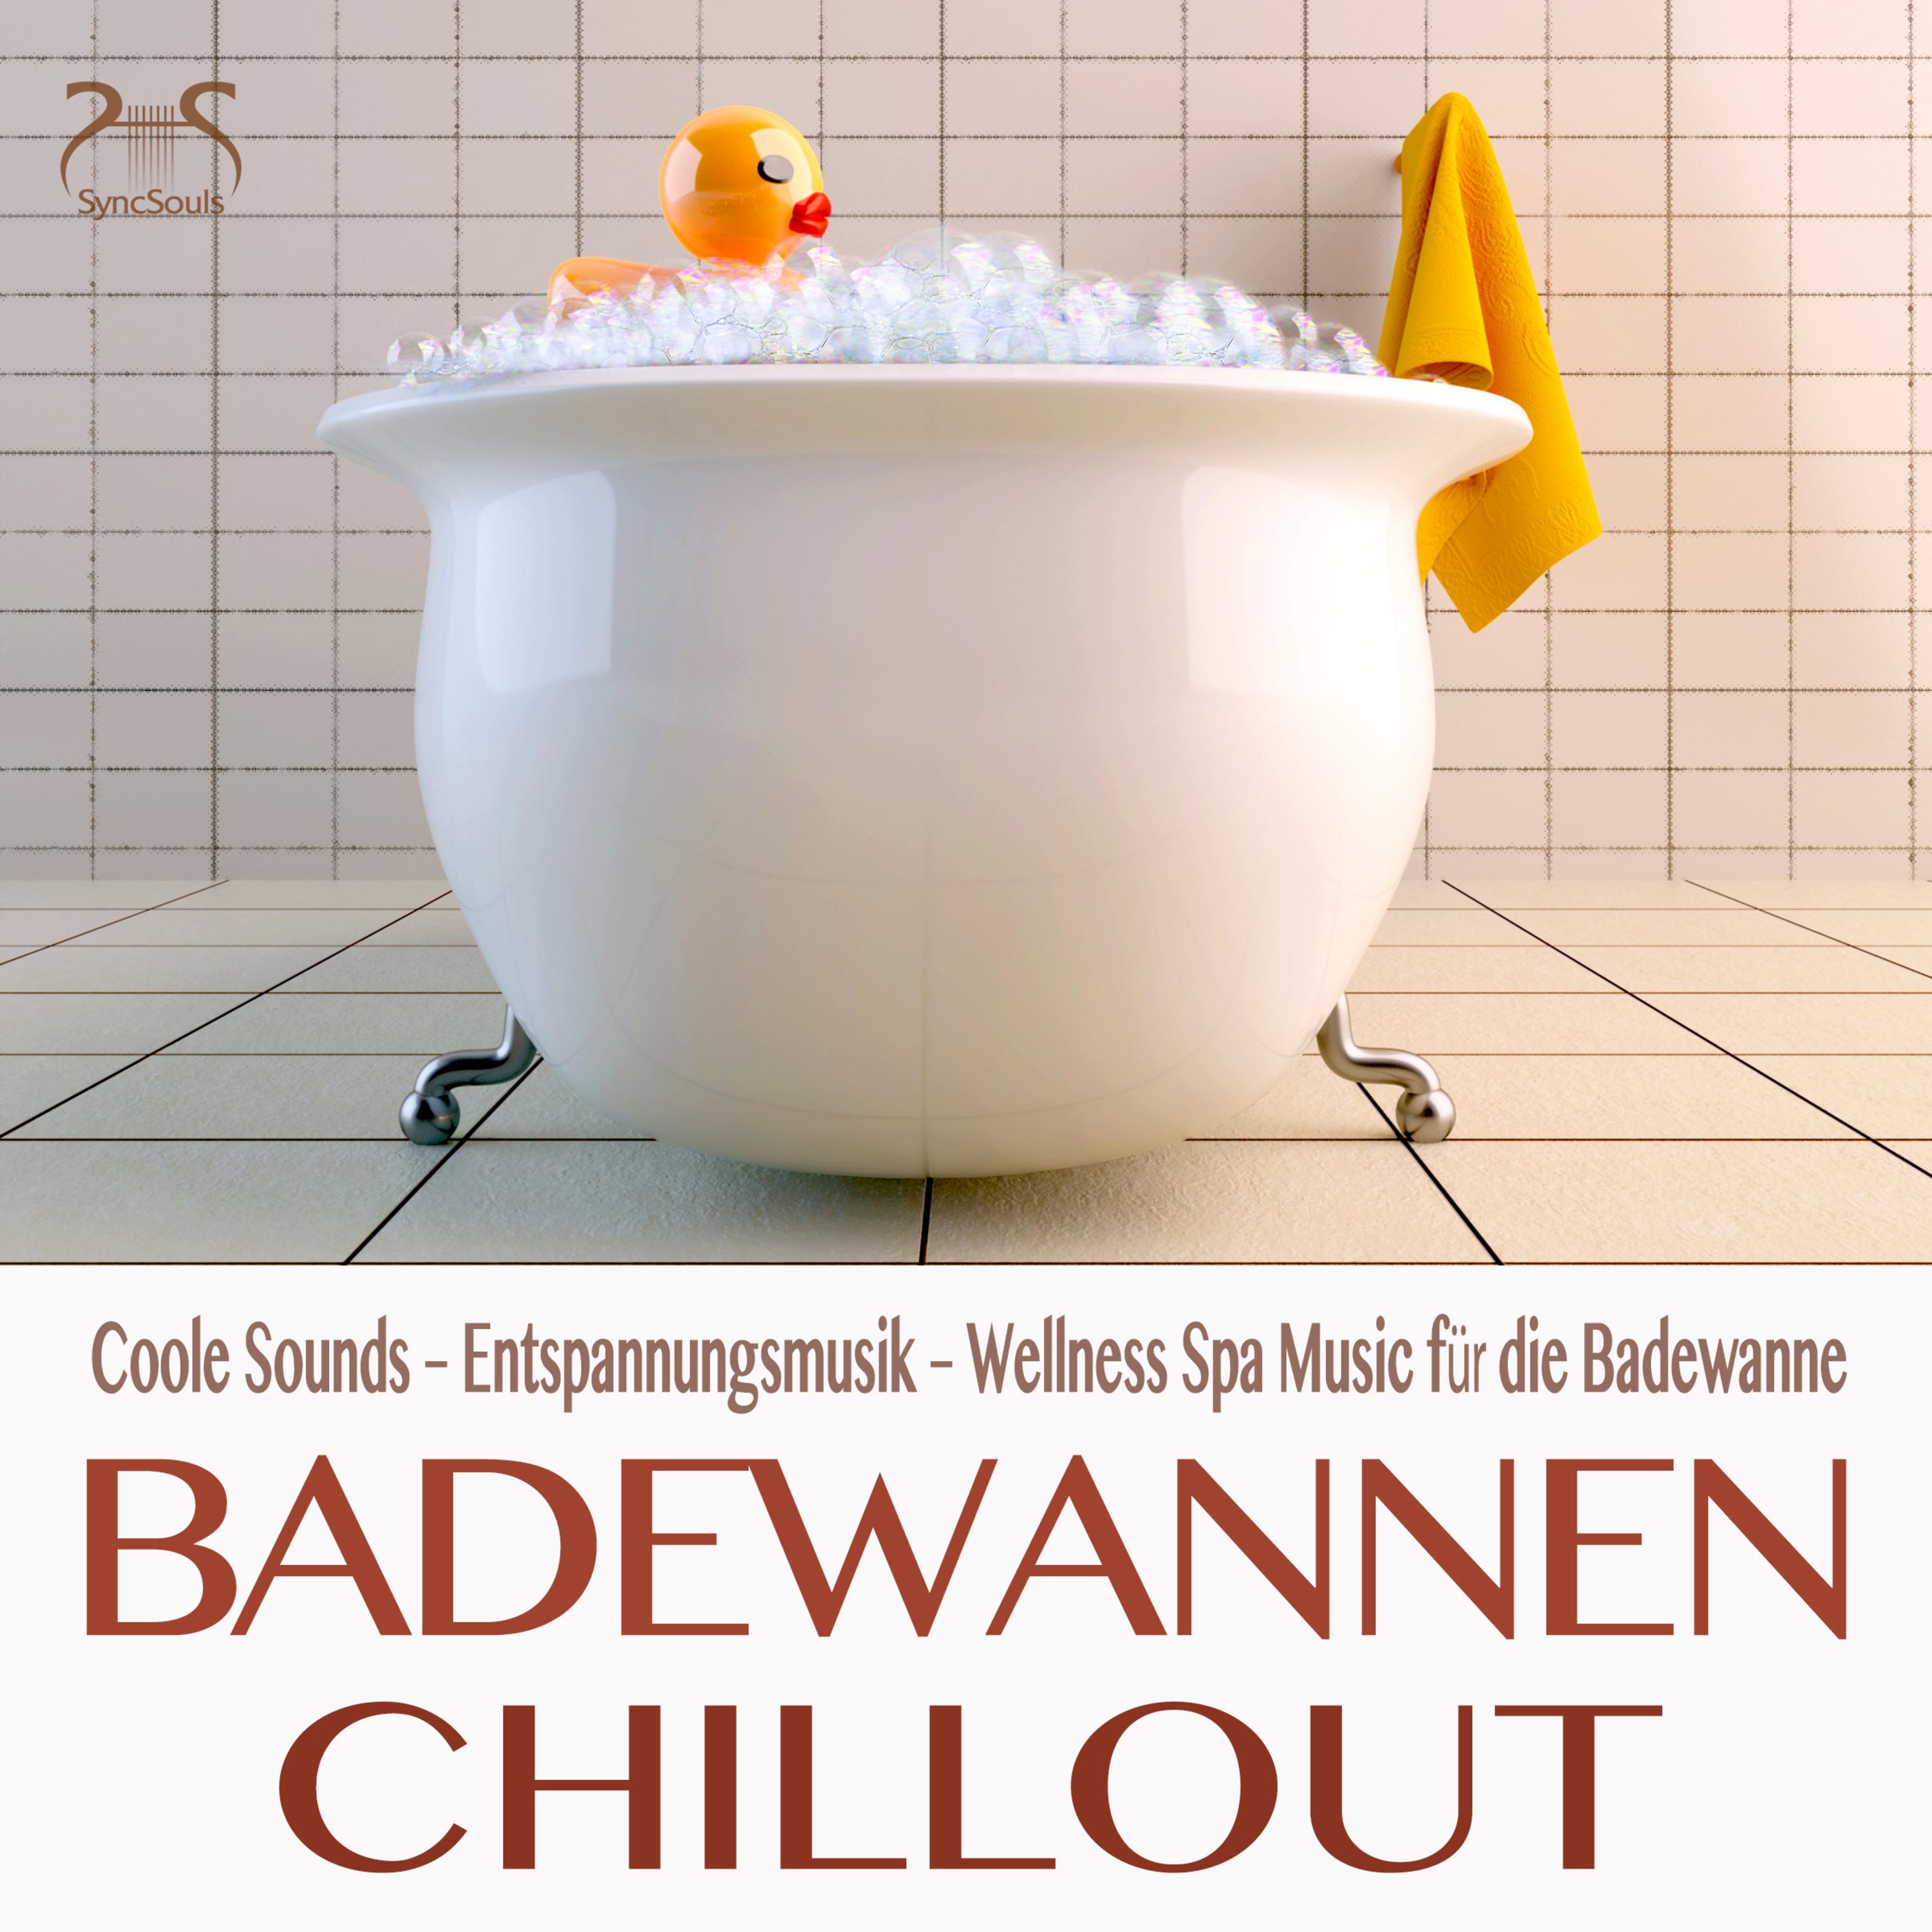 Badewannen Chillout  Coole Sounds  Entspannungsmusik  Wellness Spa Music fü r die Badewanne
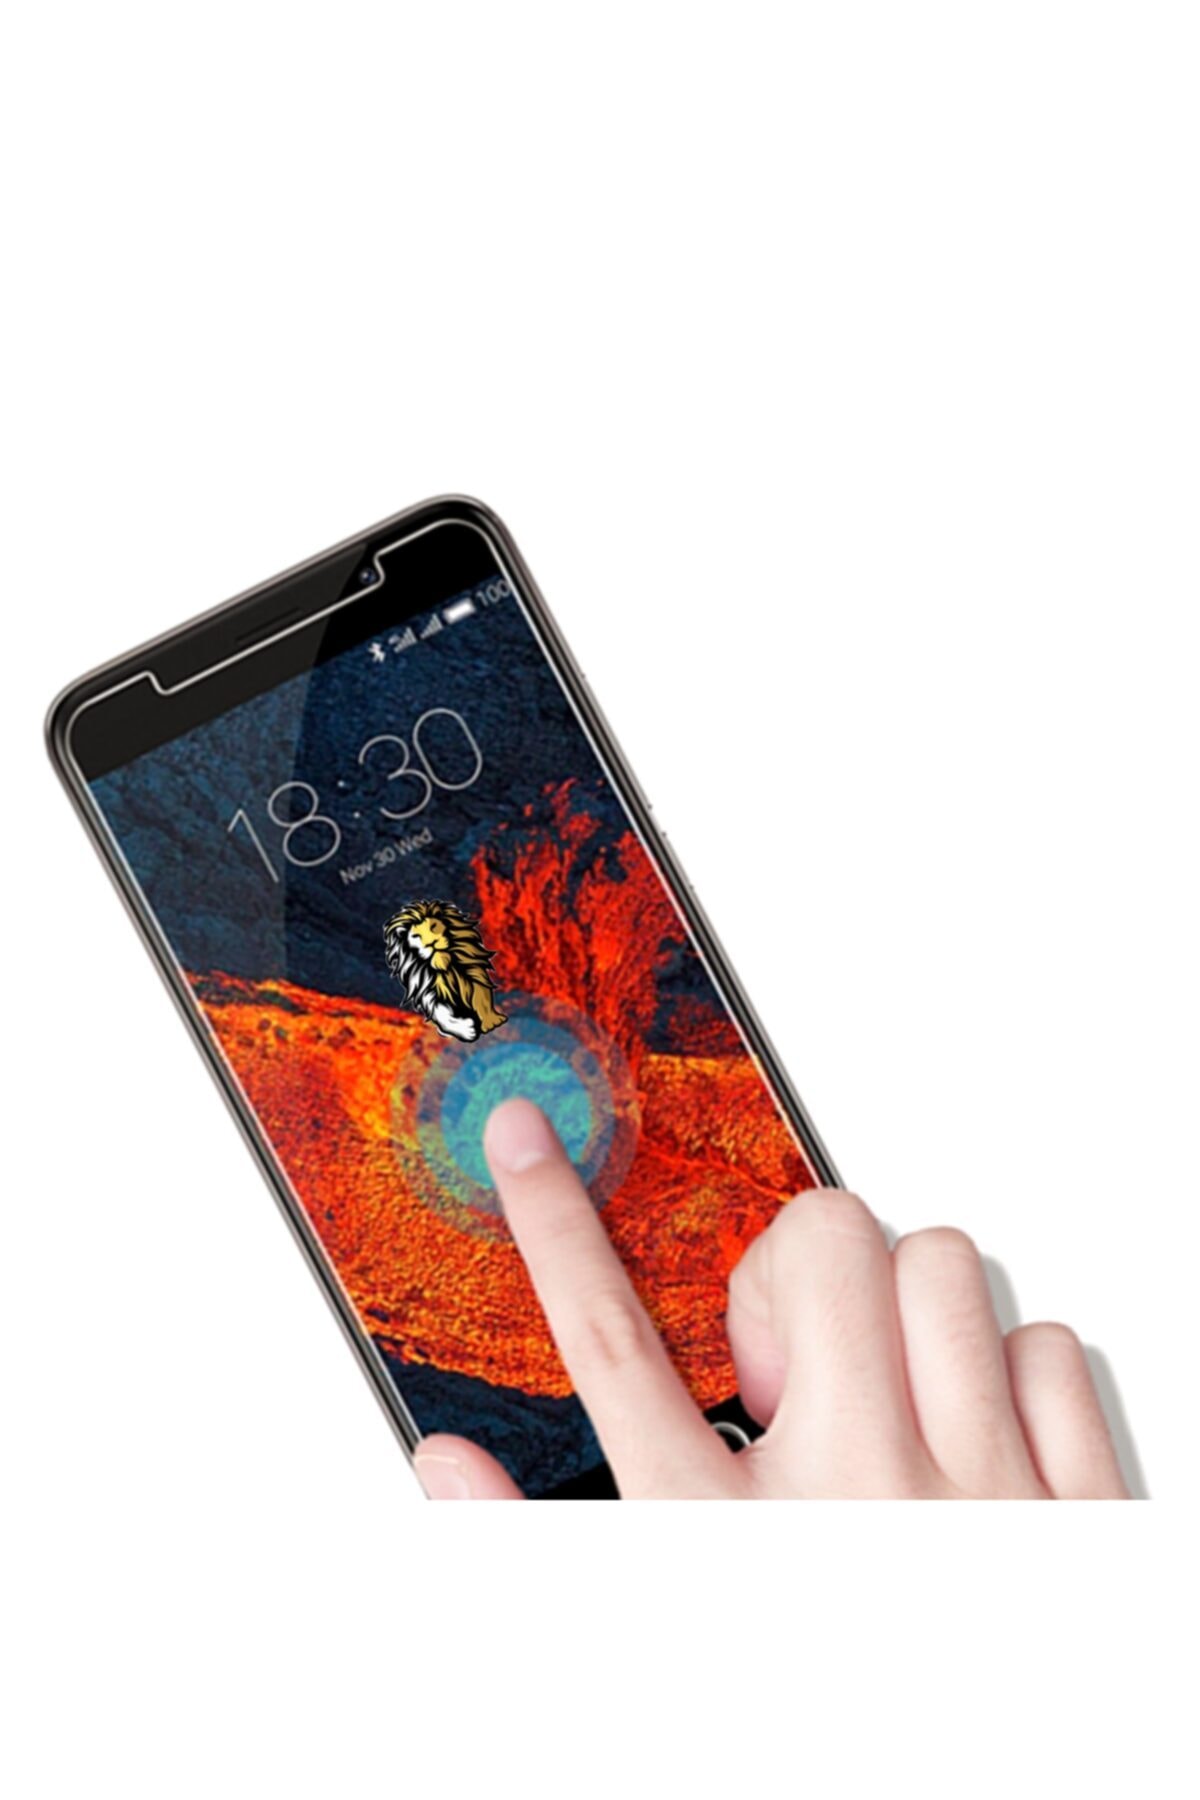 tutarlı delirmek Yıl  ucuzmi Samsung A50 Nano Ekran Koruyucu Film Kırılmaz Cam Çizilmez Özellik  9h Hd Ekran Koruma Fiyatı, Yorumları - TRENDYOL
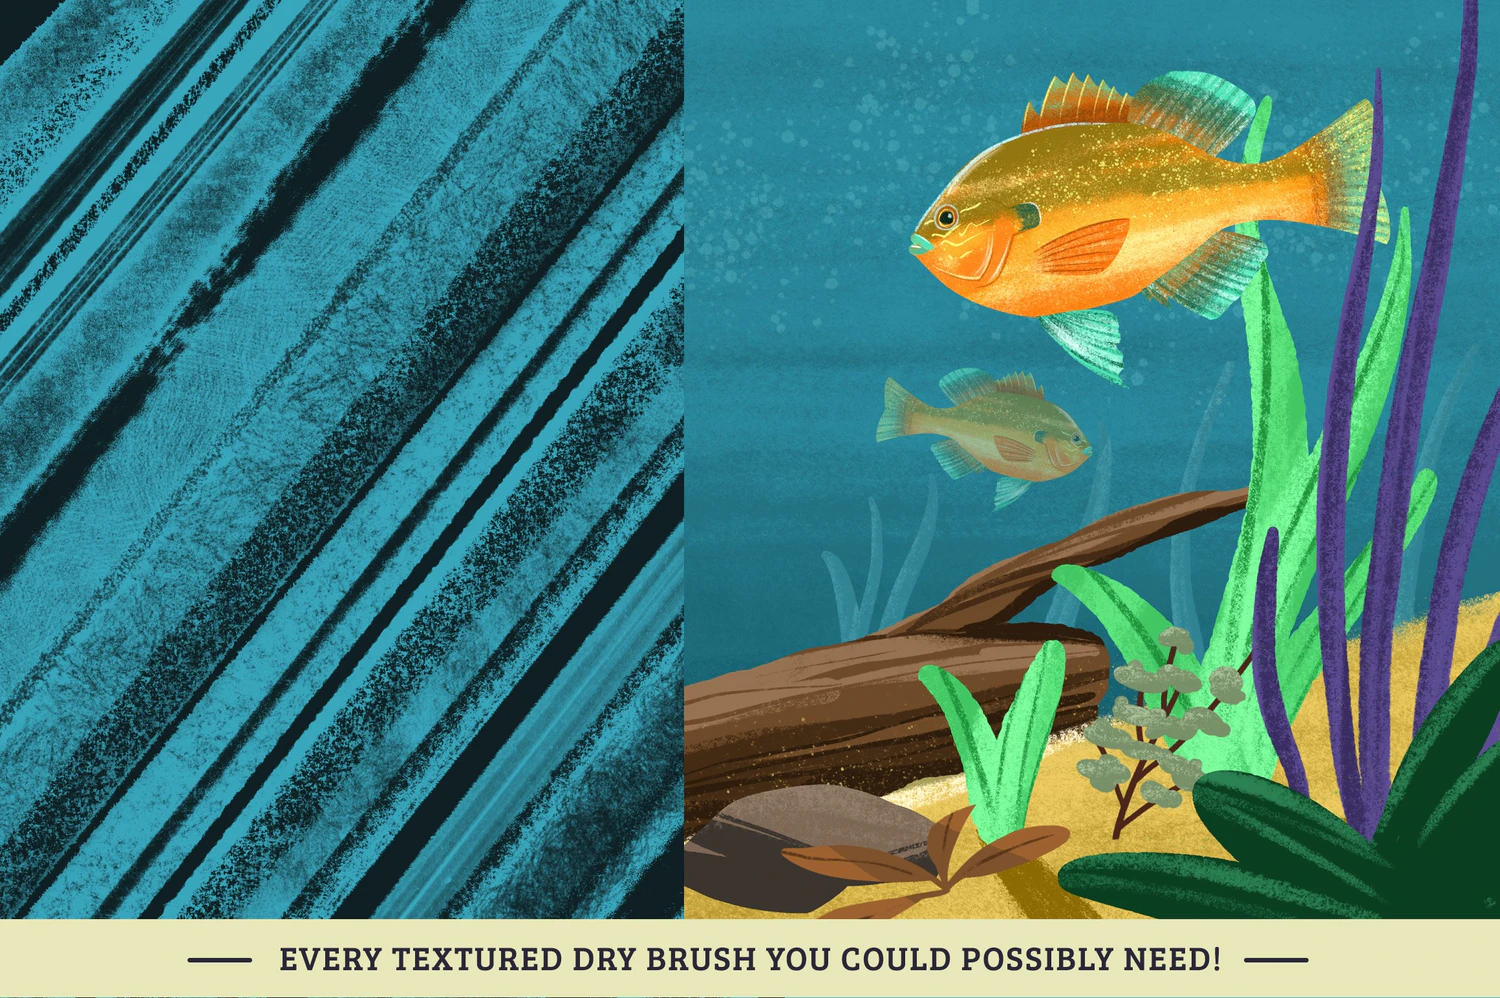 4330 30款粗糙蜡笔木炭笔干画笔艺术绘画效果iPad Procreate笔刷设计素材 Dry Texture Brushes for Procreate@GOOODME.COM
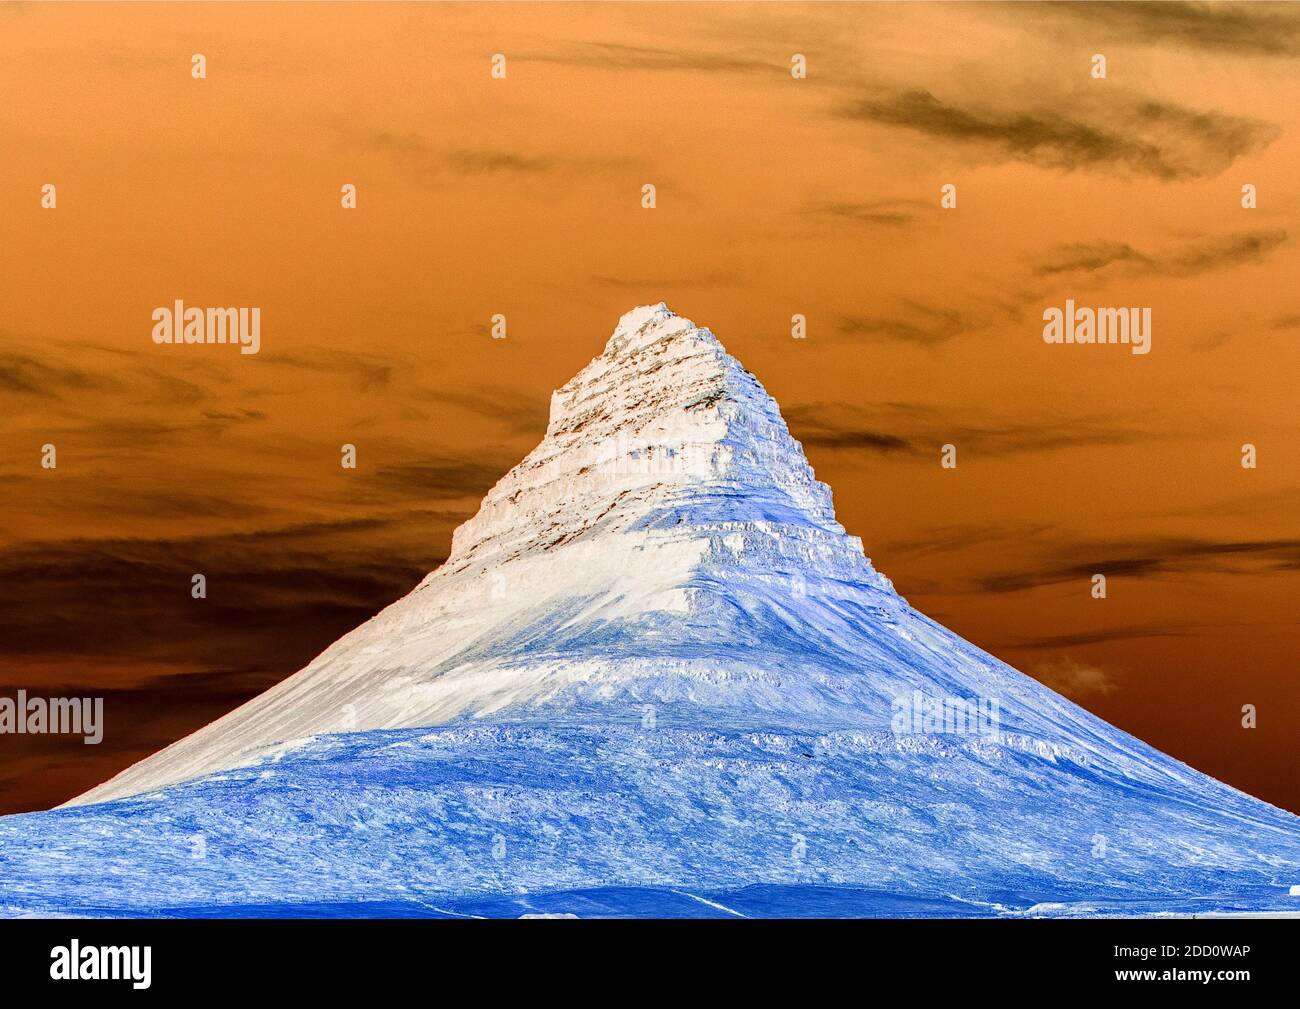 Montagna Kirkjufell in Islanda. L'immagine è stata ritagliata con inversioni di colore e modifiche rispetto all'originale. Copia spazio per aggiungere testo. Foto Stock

Problem details
Using the listing above, copy exactly the lines from the one that contains "4330 30款粗糙蜡笔木炭笔干画笔艺术绘画效果iPad Procreate笔刷设计素材" through its last line, both included, but not the pictures.

Written response
 4330 30款粗糙蜡笔木炭笔干画笔艺术绘画效果iPad Procreate笔刷设计素材 Dry Texture Brushes for Procreate@GOOODME.COM
 Montagna Kirkjufell in Islanda. L'immagine è stata ritagliata con inversioni di colore e modifiche rispetto all'originale. Copia spazio per aggiungere testo. Foto Stock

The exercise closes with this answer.